On Jun 11, 2005, at 1:51 PM, Swan wrote:
> I didn't wait for your modified copy to fix the env path problem, and
> I directly modified the source and add the -env option when running
> globus-job-run. I believe the env path problem previous mentioned has
> been fixed.
Ok. That's a good workaround for you. Unfortunately, it's not good
for the general case because you can't assume that the path is the same
on the remote node as it is on the same node.
> However, another problem did arise. The follow debug message should
> tell my situation.
>
> [vasptest_at_orlon31 test2]$ cat hosts
> orlon31 prefix=/usr/local/lam-7.1.1-org
> orlon28 prefix=/usr/local/lam-7.1.1
> [vasptest_at_orlon31 test2]$ /usr/local/lam-7.1.1-fai/bin/lamboot -v -d
> -ssi boot globus hosts
> n-1<30205> ssi:boot:open: opening
> [snipped]
> n-1<30205> ssi:boot:globus: starting on n0 (orlon31):
> /usr/local/gt321/bin/globus-job-run -env PATH=`/bin/echo $PATH`
> /usr/local/lam-7.1.1-org/bin/hboot -t -c
> /usr/local/lam-7.1.1-org/etc/lam-conf.lamd -s -d -v -I "-H
> 137.189.27.88 -P 47576 -n 0 -o 0" -prefix /usr/local/lam-7.1.1-org
> n-1<30205> ssi:boot:globus: launching on n0 (orlon31)
> ************ argv[0]: n-1<30205> ssi:boot:globus: attempting to
> execute "/usr/local/gt321/bin/globus-job-run orlon31 -env
> PATH=`/bin/echo $PATH` /usr/local/lam-7.1.1-org/bin/hboot -t -c
> /usr/local/lam-7.1.1-org/etc/lam-conf.lamd -s -d -v -I "-H
> 137.189.27.88 -P 47576 -n 0 -o 0" -prefix /usr/local/lam-7.1.1-org"
> n-1<30205> ssi:boot:globus: successfully launched on n0 (orlon31)
> n-1<30205> ssi:boot:base:server: expecting connection from finite list
> -----------------------------------------------------------------------
> ------
> The lamboot agent timed out while waiting for the newly-booted process
> to call back and indicated that it had successfully booted.
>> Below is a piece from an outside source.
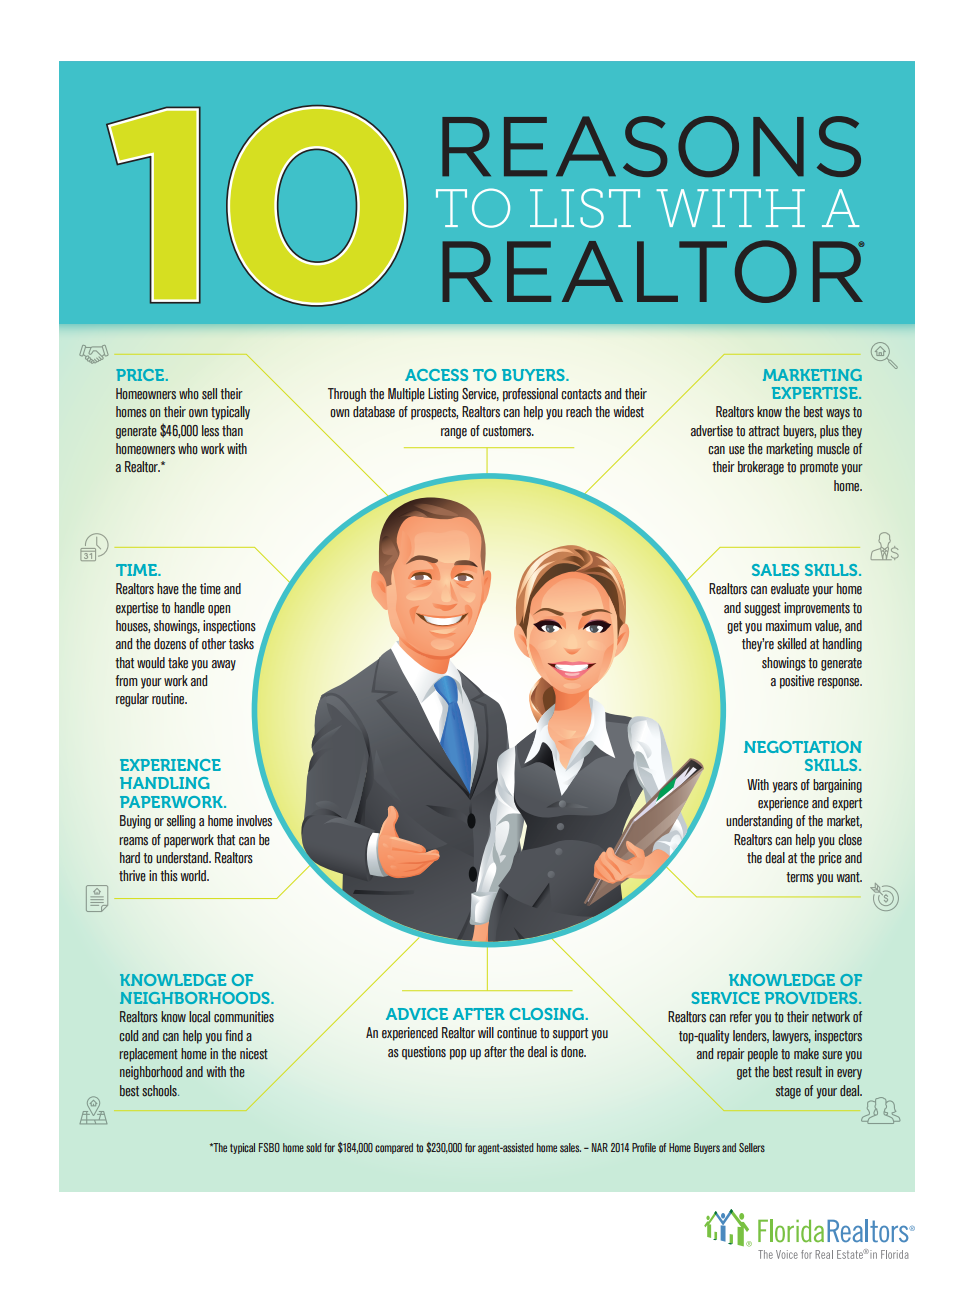 !0 Reasons to List With a Realtor

So what is happening here is exactly what is described -- lamboot
successfully launched its agent on the remote node (i.e., the hboot
command was launched via globus-job-run on orlon31). hboot is supposed
to open a socket back to lamboot -- but that never happened -- lamboot
gave up after a timeout expired and it had not yet received a socket
connection from hboot.
Lamboot was waiting on the IP address/socket port listed on the hboot
command line: 137.189.27.88 port 47576. If hboot was unable to open a
connection to that port, this could be a cause of failure. Do you have
firewalls between these machines?
--
{+} Jeff Squyres
{+} jsquyres_at_[hidden]
{+} http://www.lam-mpi.org/
|